Andressa lembra, porém, que as redes sociais representam apenas uma parte da realidade.


“A rede social é uma vitrine. É comum que corredores se inspirem em outras pessoas, mas também passem a comparar suas próprias trajetórias com aquilo que veem na internet".

"Um corredor que reduziu seu tempo, completou uma distância inédita ou simplesmente conseguiu manter a rotina de treinos pode deixar de valorizar esses avanços por considerar insuficiente o desempenho quando comparado ao de outro atleta", completa.

Por isso, a psicóloga defende que o corredor faça uma pergunta antes de estabelecer suas metas: qual é o seu objetivo no esporte e onde você quer chegar?


A partir daí, segundo ela, é possível estruturar estratégias e um planejamento mais realista.


Quando o treino aumenta, mas o resultado não aparece


Outro momento delicado ocorre quando o atleta aumenta a carga de treinamento, mantém a dedicação, mas não consegue melhorar os resultados. A frustração pode alimentar ainda mais a cobrança e criar um ciclo prejudicial.


“Nesse momento, é importante realizar um automonitoramento emocional, focar nas necessidades básicas, como sono, hábitos e alimentação, realinhar o objetivo e criar um plano estratégico de ação”, orienta.

"A pressão constante também pode provocar medo de correr abaixo do melhor tempo ou de decepcionar treinador, familiares e até a si próprio. Quando o atleta acredita que precisa entregar 100% em todos os treinos e provas, o desgaste pode ultrapassar a esfera emocional", acrescenta.

De acordo com Andressa, "a falta de autoconhecimento pode elevar o nível de cobrança e até contribuir para o surgimento de lesões relacionadas ao estresse e ao desrespeito aos limites físicos".


Disciplina também precisa ter limite


A disciplina é uma das principais características de quem consegue manter uma rotina de treinamento. A autocobrança, inclusive, não é necessariamente prejudicial e pode funcionar como fonte de motivação.


O sinal de alerta aparece quando a cobrança começa a gerar prejuízos.


“Identificamos prejuízos quando passa a afetar o desempenho, interesse e vontade. Quando passo a exceder demais nos treinos e a não respeitar os limites físicos e mentais”, explica.

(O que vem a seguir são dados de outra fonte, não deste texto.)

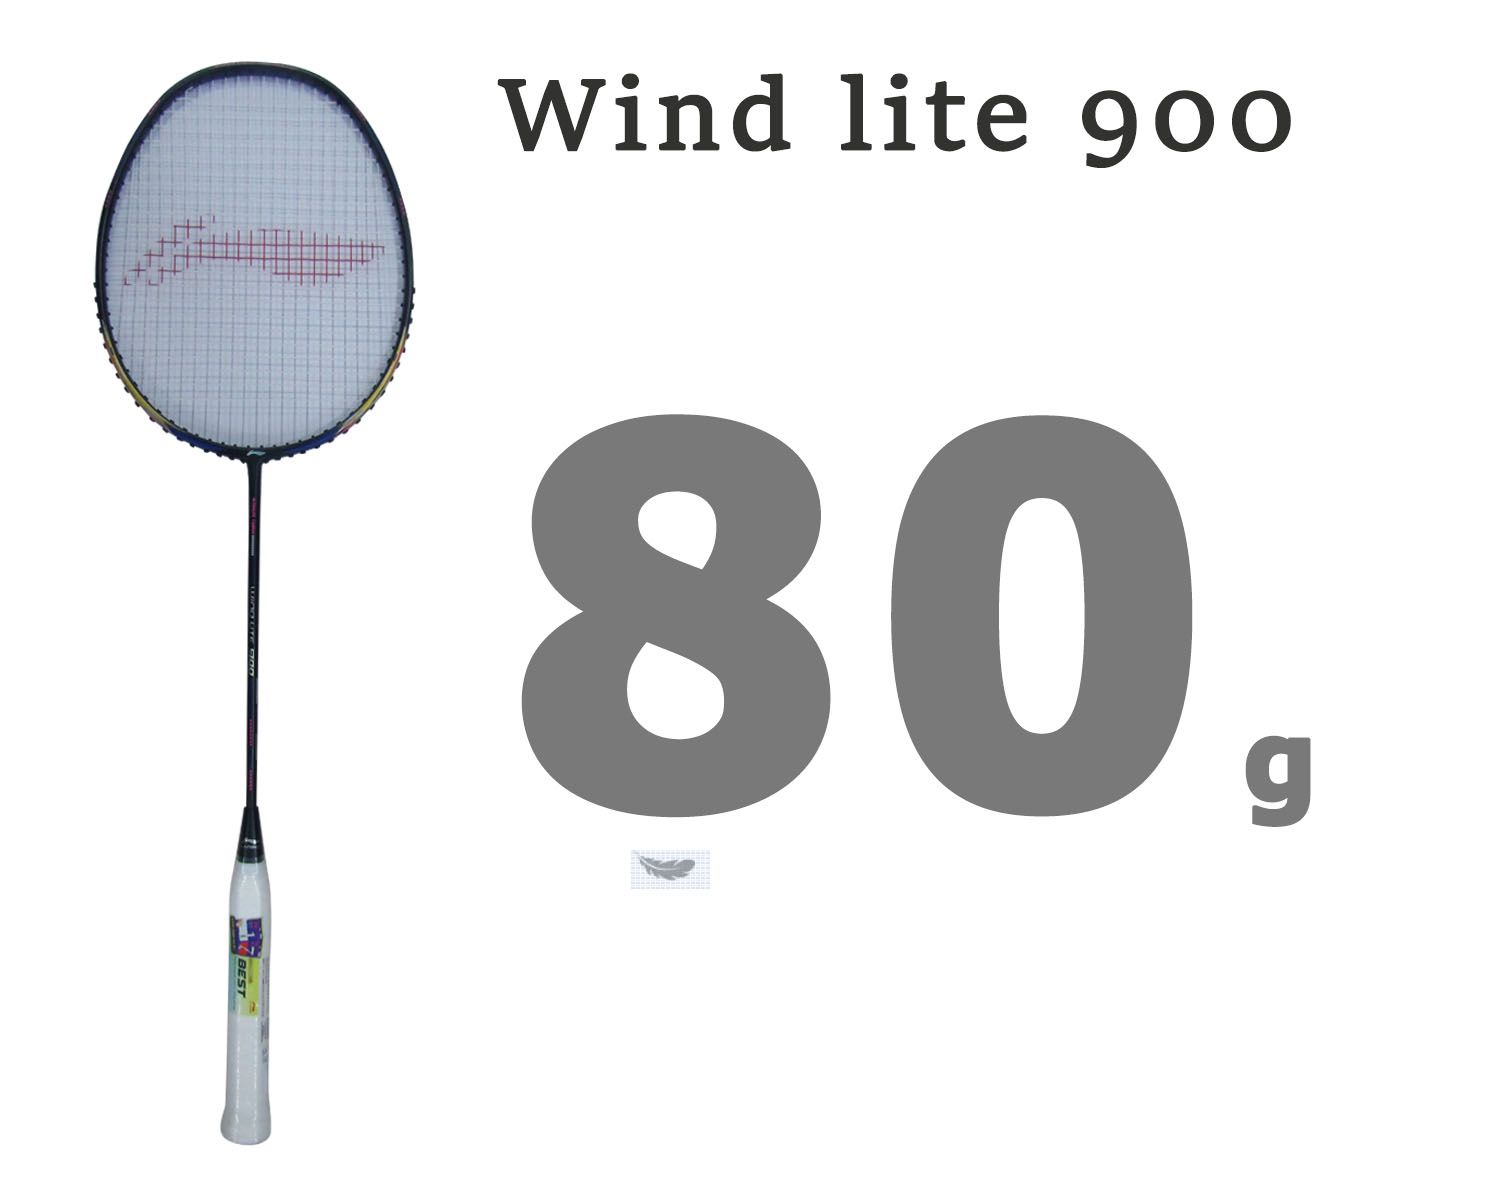 Li Ning Wind Lite 900 Badminton Racket

Entre os sinais que merecem atenção estão exaustão mental, desesperança, desânimo, sensação de fracasso, perda de controle emocional e baixa autoestima. Nessas situações, a orientação é conversar com a equipe técnica e buscar profissionais especializados em saúde mental.

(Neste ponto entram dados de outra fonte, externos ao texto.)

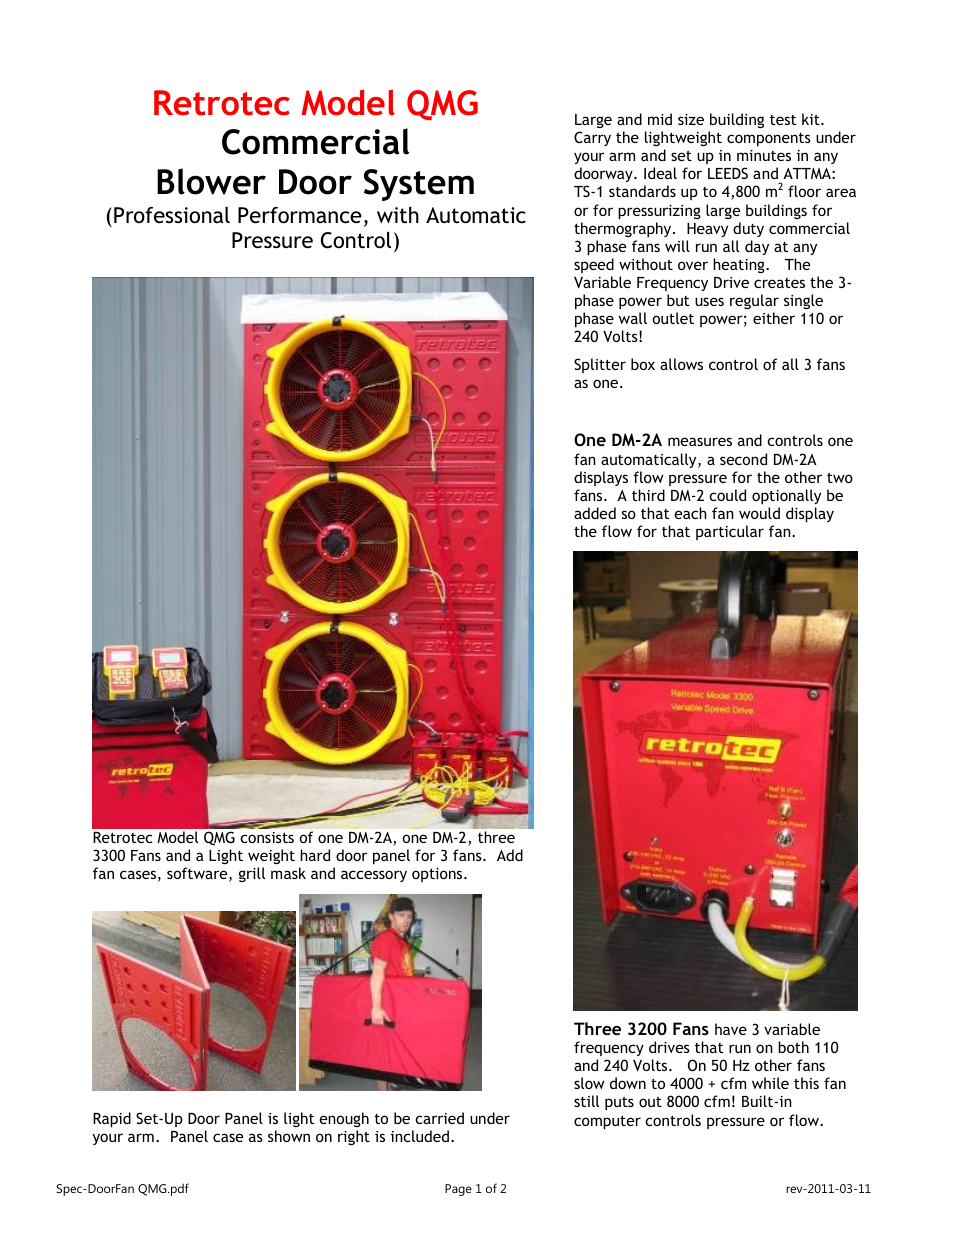 Blower Door Triple Fan System

Lesões e a perda da identidade esportiva


Para corredores que construíram grande parte da identidade pessoal em torno do desempenho esportivo, uma lesão ou período de afastamento pode ser especialmente difícil.

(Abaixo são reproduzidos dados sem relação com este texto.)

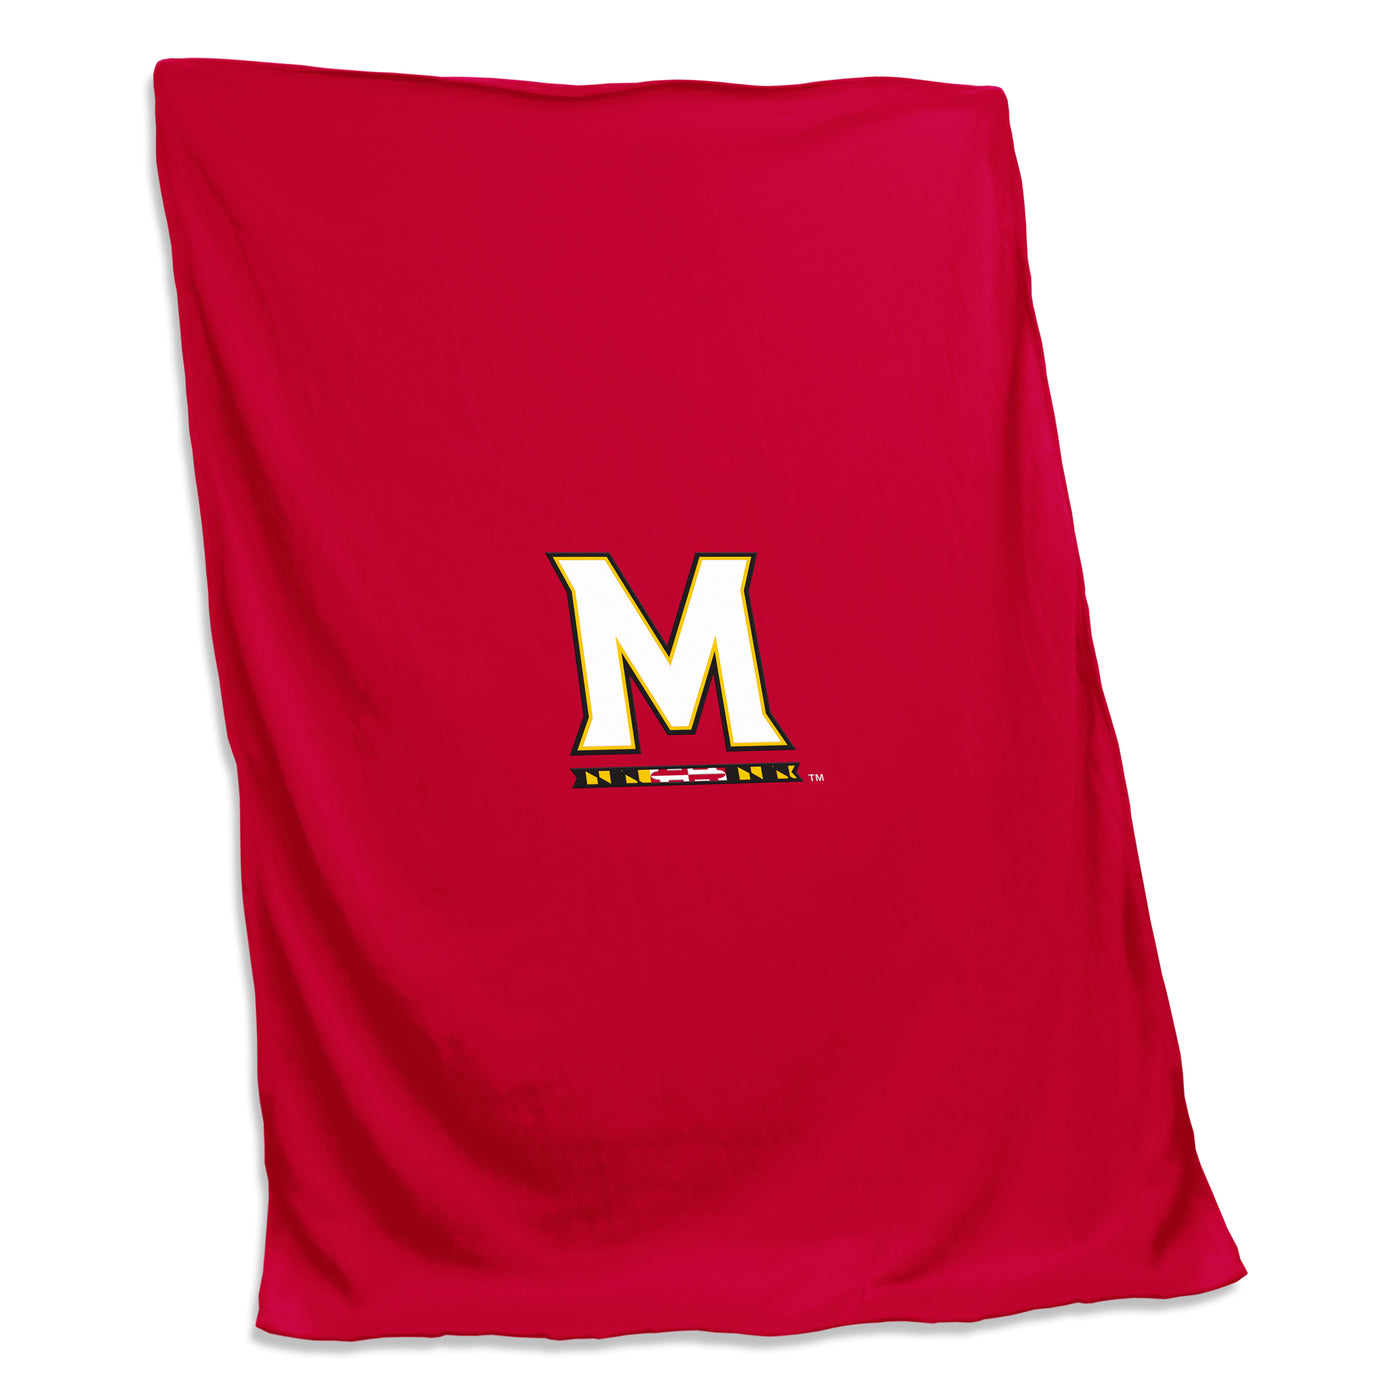 Maryland Sweatshirt Blanket

A mudança repentina na rotina, nos treinamentos e nos planos pode funcionar como um gatilho emocional. Segundo Andressa, é necessário aceitar as condições momentâneas e buscar novas formas de atuação e novos papéis sociais.


"Esse processo também pode aparecer em momentos de transição de carreira ou aposentadoria esportiva, quando o atleta precisa encontrar novas maneiras de se relacionar com a própria identidade".


Alta performance sem sofrimento


Para a psicóloga, o caminho para buscar evolução sem transformar a corrida em fonte de sofrimento passa pelo autoconhecimento.


"O corredor precisa compreender seus objetivos, limitações e necessidades para estabelecer estratégias compatíveis com sua realidade. Também é importante reconhecer pequenas conquistas e desenvolver uma relação mais empática consigo mesmo. Aprenda a validar suas conquistas, mesmo as menores. Seja autocompassivo, exerça se ver de uma forma mais empática, mesmo diante da autocobrança”, aconselha.

A busca pela evolução, portanto, não precisa ser abandonada. O desafio é evitar que o desempenho se torne a única medida de valor do corredor.


“Dias ruins fazem parte da vida, só não torne esses dias como rotina na sua vida. Cuide-se!”, finaliza Andressa Carneiro.